A return to the scene of the crime…sort of.

It was the late spring of 1996 and Jen and I, married for less than a year, had traveled to Denver, CO for that year’s AOBA National Conference and Show. Things were moving pretty fast at that point for a couple of 24 year olds. Less than 2 years prior, having just moved back home to Vermont my then girlfriend had dragged me — somewhat sulkily on my part — to what was then called the Killington Sheep & Wool Festival. Ostensibly she took me that Sunday to see llamas for the first time since we had been backpacking around Ecuador at the end of her semester abroad. Well as it turned out there were alpacas penned next to the llamas at the wool festival that day and needless to say that set some not insignificant gears into motion.

The following year we went looking, now as newlyweds, for a piece of property suitable for an alpaca farm and in December of 1995 closed on the house and land that would soon come to be known as Cas-Cad-Nac Farm. So it was that the following June, still relatively footloose and fancy free, we found ourselves in Denver happily awash in everything alpaca. It would be another year before we would even have the barn completed (what is today know as the Main Barn), the fencing done, and actually purchased our first females. In Denver (and the following year in Pueblo too) we would spend hours just walking amongst all of the booths looking at animals, reading any literature we could lay our hands on, and shyly interacting here and there with a few of the breeders and exhibitors. We attended every single talk/workshop at Nationals that year that we could and when we weren’t at the conference venue itself we could be found at our hotel hungrily reading through the conference notebooks as though they contained the secrets of the universe. It was an exciting — and it needs to be said more innocent — time in our lives as we began a journey that has now consumed, fully by our choice, almost half of our time here on this earth.
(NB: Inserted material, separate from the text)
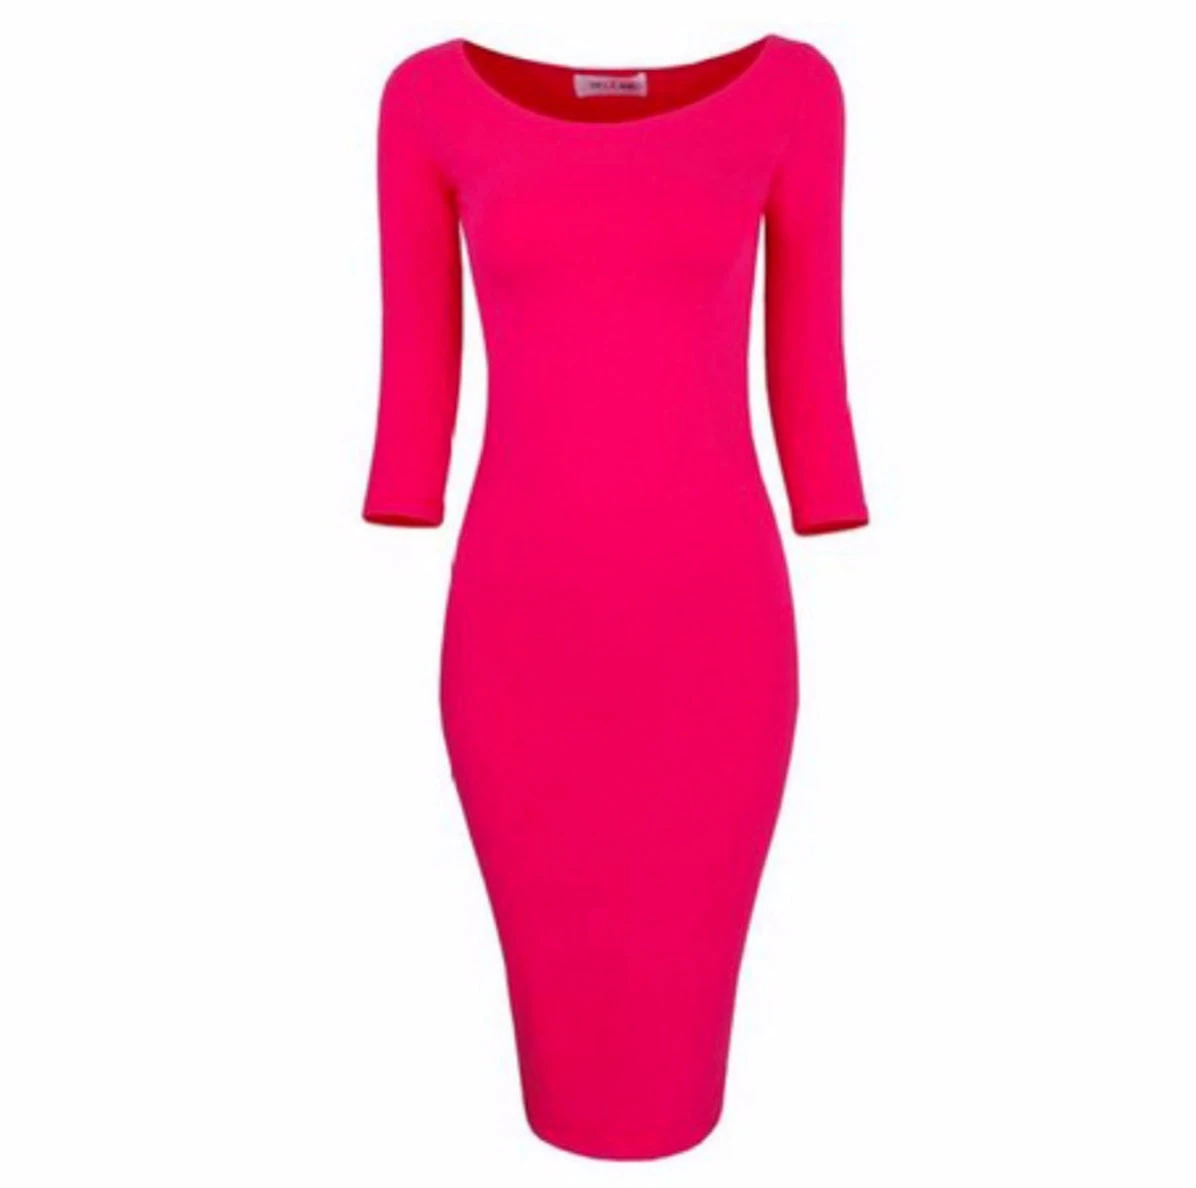 M0172 pink1 Midi Medium Dresses maureens.com boutique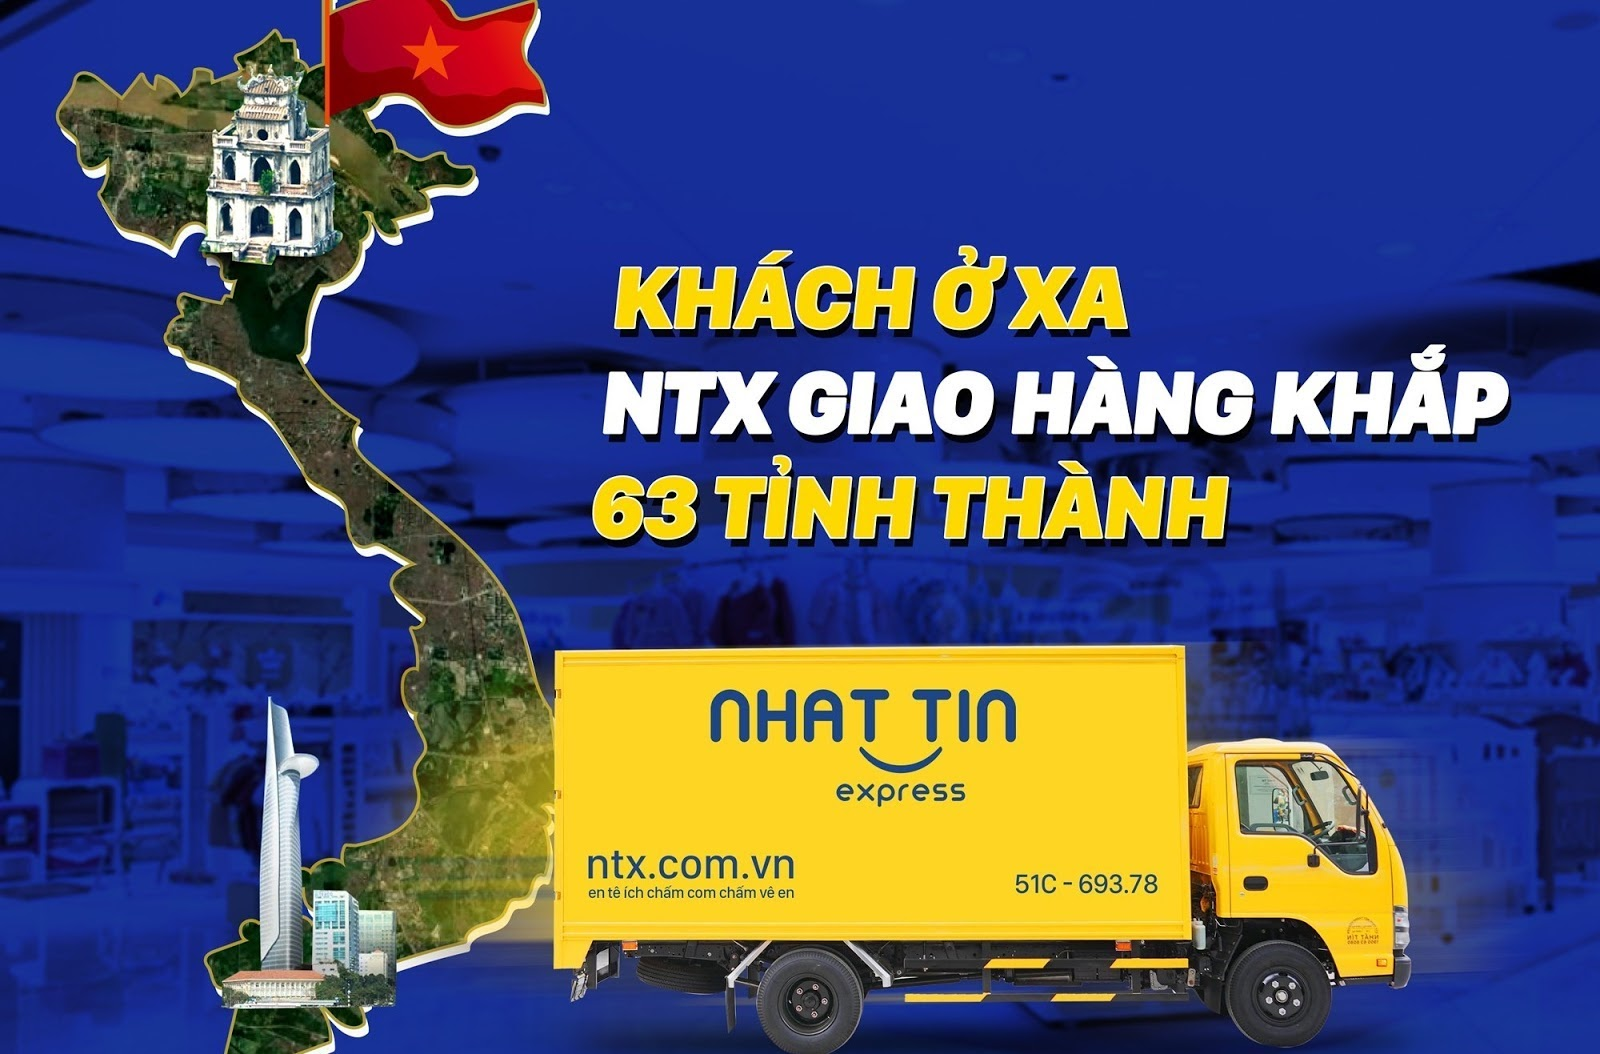 NTX đơn vị cung cấp dịch vụ ship hàng rẻ uy tín

Somewhere on Colorado Rt. 160 approaching Wolf Creek Pass, 5/20/11

A lot of water has gone over the dam since that first time we attended an AOBA conference, yet here we are visiting Colorado again some 15 years, two kids, and several hundred alpaca births later for another national show. In the interest of full disclosure we are really here more as observers than hardcore participants this time around. We shipped 20+ fleeces out, flew out late Wednesday from Boston, picked them up at our hotel yesterday morning, checked them all in at the the National fleece show and then made ourselves scarce. Though technically signed up as conference attendees (I’ve got the badge to prove it too!), we don’t even have a booth at the show venue. Though we have attended almost all of the AOBA Nationals with animals in recent years (we were at both Salt Lake City, UT and Fort Wayne, IN with trailers to say nothing of Louisville, KY multiple times), this go-round Denver was really just an excuse to travel out and visit an old childhood friend of ours who lives on the other side of the rockies in Durango, CO.  This is also the first chance that Jen has really had to take a breather since the run-up to the North American Show in early March. From the running of that show, to Futurity, to Syracuse, and then pretty much straight to shearing she in particular has really been burning the candle at both ends. Every now and then it’s good to just be. Early this morning we left Denver by car heading southwest and got to drive through the infamous Wolf Creek Pass which at over 10,000 feet of elevation was still very much in a winter mode with what looked like several inches of new snow from just last night alone. As it was the mountainsides up there were still covered with what had to be several feet of the white fluffy stuff. This was awe inspiring stuff for a couple of tourists from New England. Our old friend and hauler Mike Cates has described white-knuckling it through that pass in years past through winter weather with a fully loaded truck and trailer. No thanks. Though truly breathtaking in its beauty, for our part we were glad to be driving a rented SUV with all wheel drive and perhaps, more importantly, with all of our alpacas safely back home on the farm!

One Comment

  1. My husband didn’t believe me that there was still that much snow in CO. Better there than back here in VT!